= Stefano Tonchi =

Italian fashion journalist, b. 1959

Stefano Tonchi (born 13 October 1959, Florence, Italy) is an Italian journalist, curator, and consultant. Tonchi served as editor-in-chief of W Magazine and consulting chief creative officer of L’Officiel. Since 2024, he has been the editorial director of Harper's Bazaar Italia.

==Early life==
Tonchi graduated with a Classic Studies degree from Liceo Classico Forteguerri in Pistoia, Italy. He has resided in New York City since 1994.

==Career==

=== Early career ===
Before W, Tonchi was the creator and editor-in-chief of T: The New York Times Style Magazine, which he introduced in 2004 after serving as style editor at the Sunday Times Magazine. Under his leadership, T increased to fifteen issues annually, expanded internationally, launched a companion website, and was nominated for multiple National Magazine Awards.

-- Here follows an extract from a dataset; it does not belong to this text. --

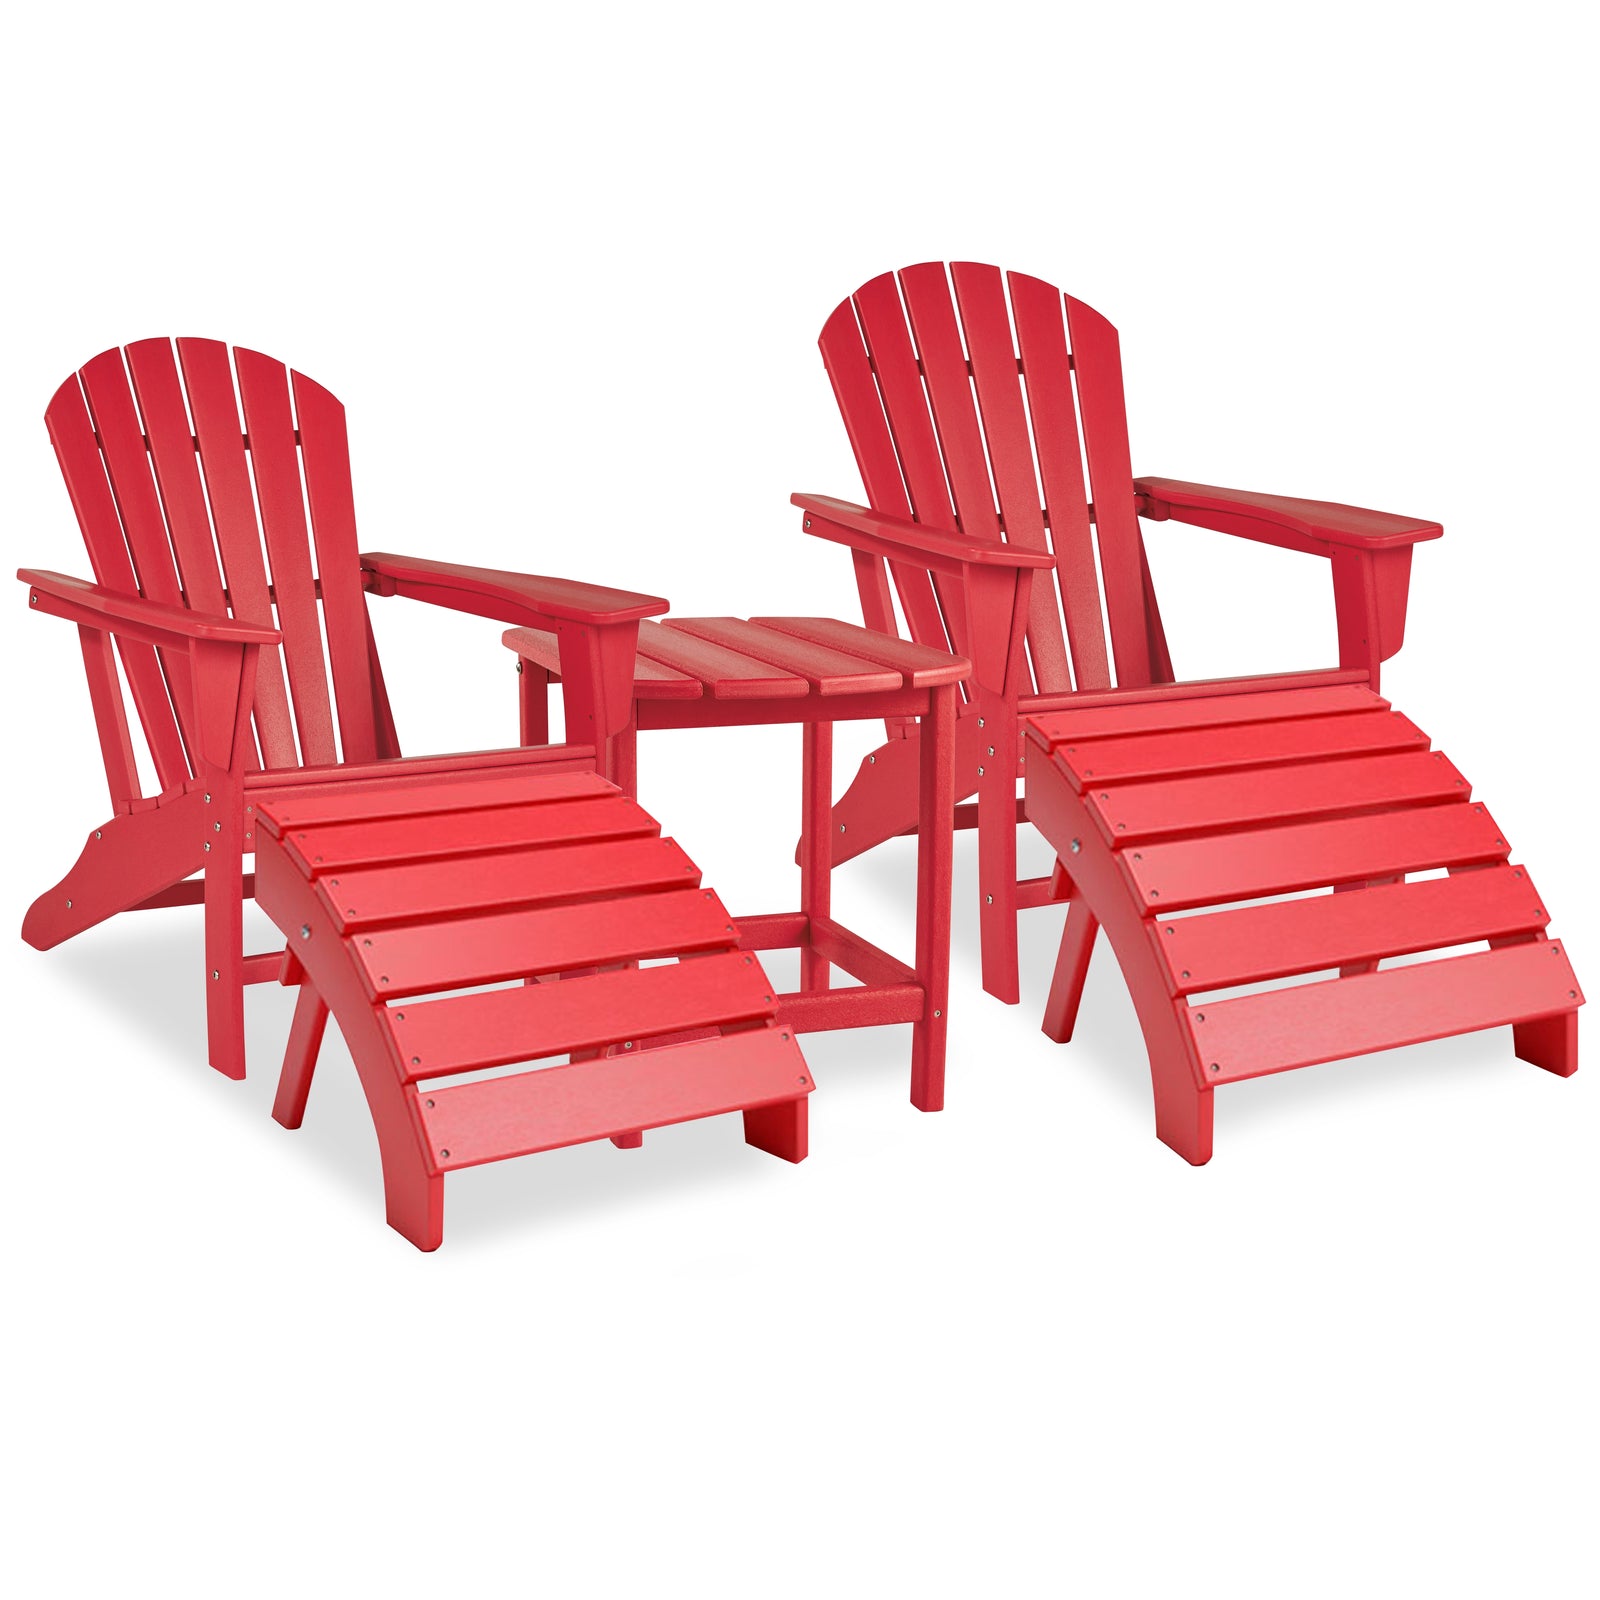 Sundown Red Treasure 2 Outdoor Adirondack Chairs And Ottomans With Side Table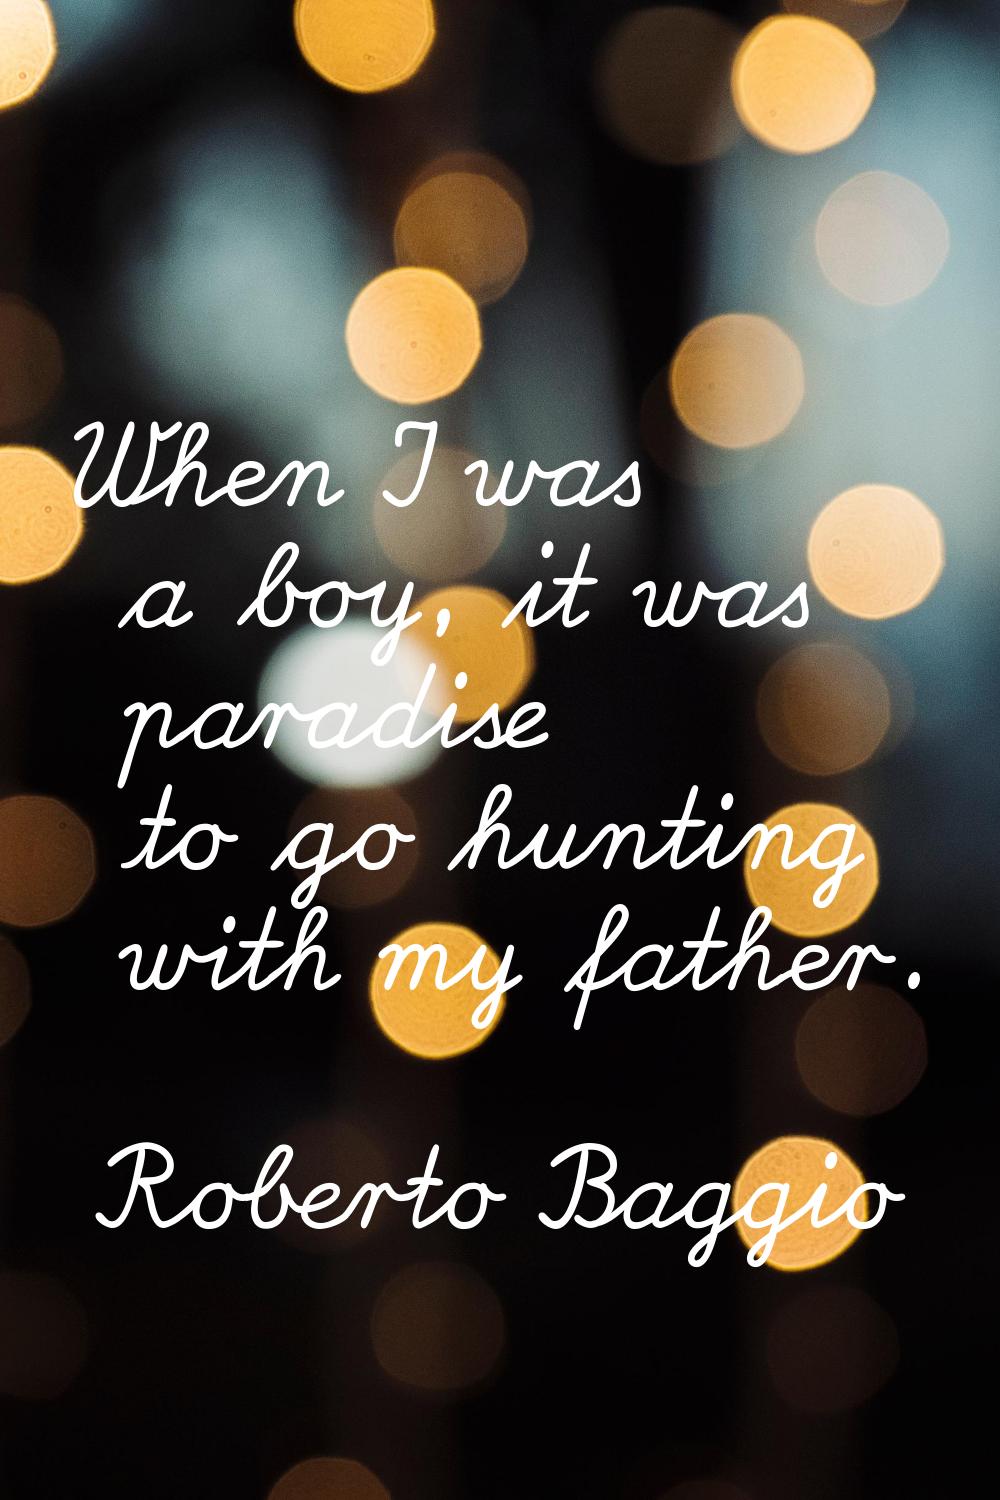 When I was a boy, it was paradise to go hunting with my father.

Tonchi was listed, along with other members of a so-called "queer cabal" at The New York Times, as #7 in Out magazine's "Power 50" in 2007. In 2008, T was awarded Magazine of the Year from the Society of Publication Designers.

From 1998 to 2003, Tonchi was the Fashion Creative Director for Esquire. In 2001, Esquire earned the Magazine of the Year award from the Society of Publication Designers, as well as National Magazine Award nominations for Photography and Design. Before joining Esquire, Tonchi worked as creative director for J. Crew.
Tonchi returned to Conde Nast, having served as Self magazine's creative director from 1994 until 1996. Prior to that, he served as editor, and later, fashion director, for L'Uomo Vogue from 1987 to 1994. At the start of his career in Italy, Tonchi co-founded and served as editor and art director for Westuff magazine, a publication that later evolved into Emporio Armani Magazine.

Tonchi has curated a number of exhibitions and co-authored and edited the accompanying books, including "Excess: Fashion and the Underground in the '80s," "Human Game: Winners and Losers," (exhibitions created for Pitti Immagine at the Stazione Leopolda in Florence), "Uniform: Order and Disorder" (an exhibition in Florence and P.S.1/MOMA) and most recently, "Italiana: Italy Through the Lens of Fashion 1971-2001" at Palazzo Reale in Milan, and "Bellissima: Italy and High Fashion 1945-1968" at the MAXXI Museum in Rome and NSU Fort Lauderdale.

He has edited several books on the intersection of art and fashion. He was the co-author of "Total Living" and "Walter Albini and His Time," and a visual consultant for "Memos: On Fashion In This Millennium" at the Poldi Pezzoli Museum in Milan.

===W magazine===
Tonchi was named Editor-in-Chief of W magazine in March 2010.

In June 2019, Tonchi exited W, when the publication was sold by Condé Nast to Surface Media. Tonchi voiced reluctance to accept the change of ownership, so his replacement by Sara Moonves didn't surprise observers. Tonchi sued for breach of contract, and in June 2022, Condé Nast settled the lawsuit and released the following statement: "Stefano Tonchi is a talented journalist and media executive who made enormous contributions to the success of W magazine as editor in chief for over nine years. We are pleased to have resolved this matter with him." Tonchi added: "Leading W magazine and working with talented teams at Condé Nast was a highlight of my career. I am glad we can all move on from our differences."

===Post-W career===
In March 2022, he launched Palmer, a luxury media brand, with Michael J Berman, co-founder of George magazine.

He served as consulting chief creative officer of L’Officiel from January 2020 until December 2021.

In May 2024 he was appointed editorial director of Harper's Bazaar Italia.

==Personal life==
Tonchi's partner is David Maupin; they met in 1987 when Maupin was studying in Florence. The couple has twin daughters. Since 2011, the family has been residing at Osborne Apartments, in a space designed by Annabelle Selldorf. They also maintain a weekend house in Bridgehampton.